The decision by the British bank is part of plans to simplify its structure and boost shareholder returns.

It will sell its 62 percent stake in Barclays Africa Group over the next two to three years.

Barclays also announced its pretax profit last year was 5.4 billion pounds (6.95 billion euros) – 2.0 percent down on the previous year.

The Africa exit is the latest cut by new Chief Executive Jes Staley who joined Barclays in December. Since then he has slashed Barclays investment bank and pulled out of several businesses including in Asia.

Staley said Barclays was fundamentally on the right path: “There is of course more we need to do and areas where I believe we can move much faster to deliver the high performing Group that Barclays can and should be.”

CEO Jes Staley: #Barclays is fundamentally on the right path, and is, at its core, a very good business https://t.co/crv9X4erSM

— Barclays Bank (@Barclays) March 1, 2016

The bank also set aside yet more money for compensation for the mis-selling of loan insurance. There was an additional provision in the fourth quarter of 1.45 billion pounds (1.86 billion euros). That take the total sum allocated for customer redress to 7.42 billion pounds (9.54 billion euros).

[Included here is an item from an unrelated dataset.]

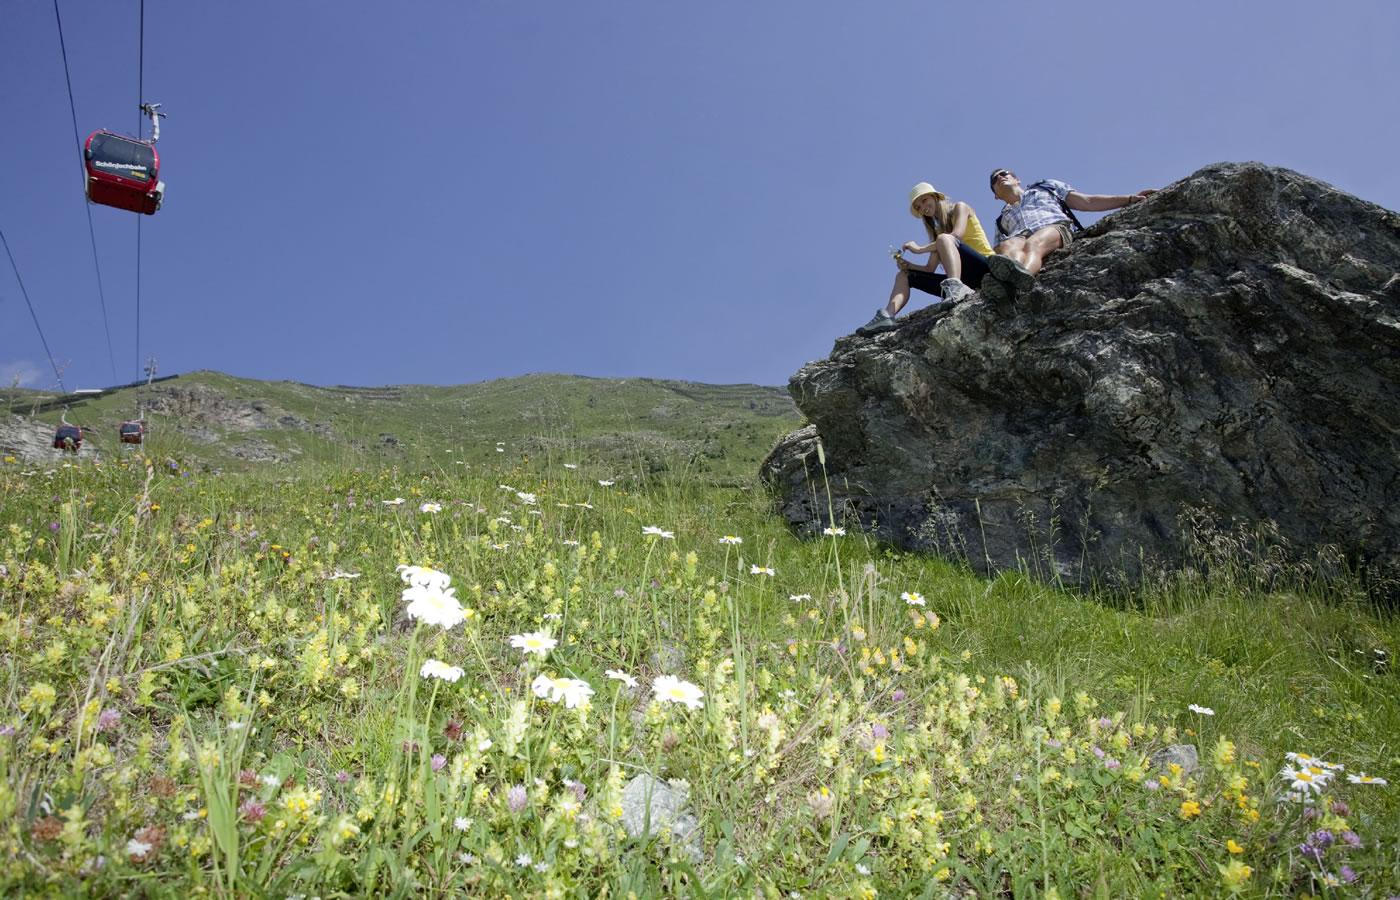 Natur zu zweit genießen in Serfaus-Fiss-Ladis in Tirol.

Barclays confirmed that it is cooperating with the US authorities on an investigation into its hiring practices in Asia, becoming the latest bank to disclose involvement in a wide-ranging probe.

Out of Africa

Once at the heart of the Barclays expansion plans, Africa’s growth prospects were dealt a blow when prices of oil and other commodities – export mainstays of many economies – dived. The economic slowdown in leading consumer China didn’t help.

While the African division accounted for 13 percent of Barclays’ core profit in the first nine months of 2015, its earnings growth was the slowest among the company’s main businesses in that period.

Barclays has had a presence in Africa since 1925. Barclays Africa was created three years ago under a deal in which the British bank handed over ownership of its businesses in eight African countries to its South African subsidiary in exchange for a 62.3 percent stake in the new entity.

It makes most of its profit and revenue in South Africa and also operates in Kenya, Botswana, Ghana, Zambia, Mauritius, Mozambique, Seychelles, Uganda and Tanzania.

Analysts said Barclays could not be selling at a worse time and they will struggle to find buyers, but Chinese banks might be interested.